It was a good thing that the robots didn't know the difference between death and unconscious: they always just thought they didn't kill you hard enough when you got back up from being 'dead', and whilst she'd been told to teach the robots, especially the daycare attendant, the difference 'in case of a legitimate emergency', Sylvia was not going to give up this lifeline. It was all the same if they thought an unconscious person was dead or alive anyway; she'd bribed the techs to override thier usual obfuscated protocols that definitely facilitated kidnapping and/or murder with a new one that phones 911 and calls for an ambulance on company dime in the case of a 'dead body'.
That new protocol had already come in much more handy, as even when she failed to protect someone, the authorities arrived soon after. She'd had to lie to management about the nature of the calls and sometimes smuggle officers in using cleaning trolleys, but it had been worth the risk. She remembered the incident a few days ago as if it were yesterday: she remembered the blood on Freddy's microphone stand, seeing the body, and wishing that the child didn't push her out of the way of Freddy's wrath. 'It should have been me not her' cycled through her head over and over and she felt herself shaking.

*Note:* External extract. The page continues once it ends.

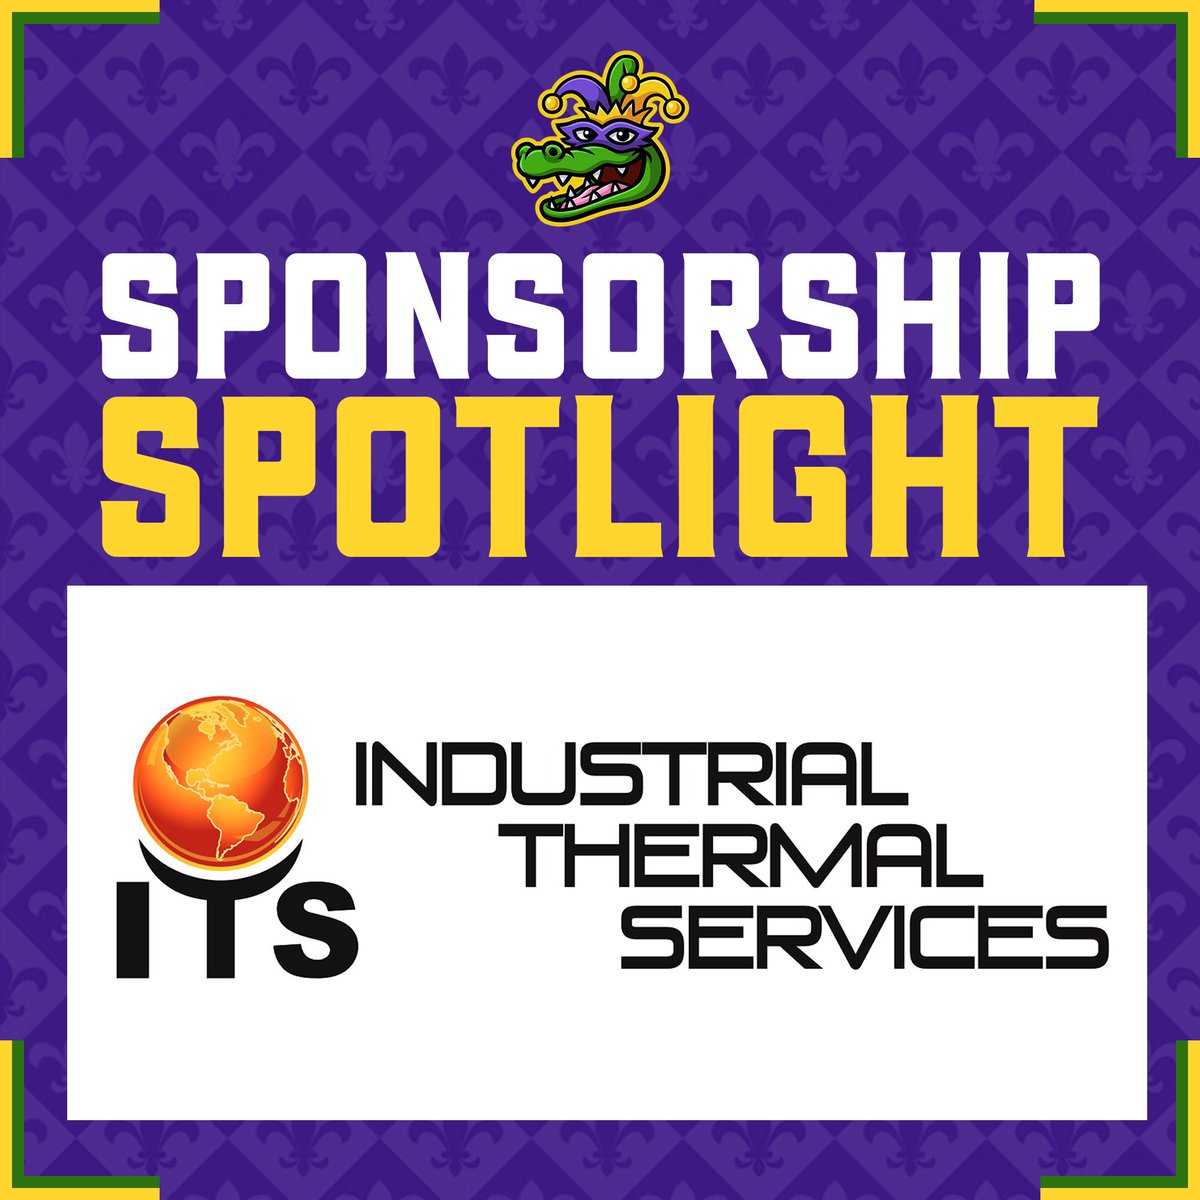 Thank you to ITS (Industrial Thermal Services) for sponsoring the Gumbeaux Gators! 🐊⚾️

#gumbeauxgators #geauxgators

"Syl you've gone quiet. Everything OK over there?" Julian's voice broke the silence as it echoed through her headset.
"Yeah I'm fine," Sylvia lied. Julian probably knew; he'd grew up around a whole host of people whose 'I'm fine' meant 'I'm not actively bleeding out so there's nothing to worry about'. This was nothing new.
"If you say so~" Julian hummed. She was OK enough. He'd heard ragged breathing through this own headset, so figured she was still stressed out about the incident from a few days ago. That also explained to him why on this night she went to the daycare to find Rachel's grandpa instead of joining the other staff in trying to find Rachel: she didn't want to be around kids lest she accidentally inspire them to protect others as she did. "See anything on the cameras?"
"No." Sylvia saw no robots and no distortion on the path between Julian and co and the lobby. With what she remembered of what Jeremy had told her, she had her suspicions as to why Chica was AWOL this entire time. "Coast's clear. Chica is absent."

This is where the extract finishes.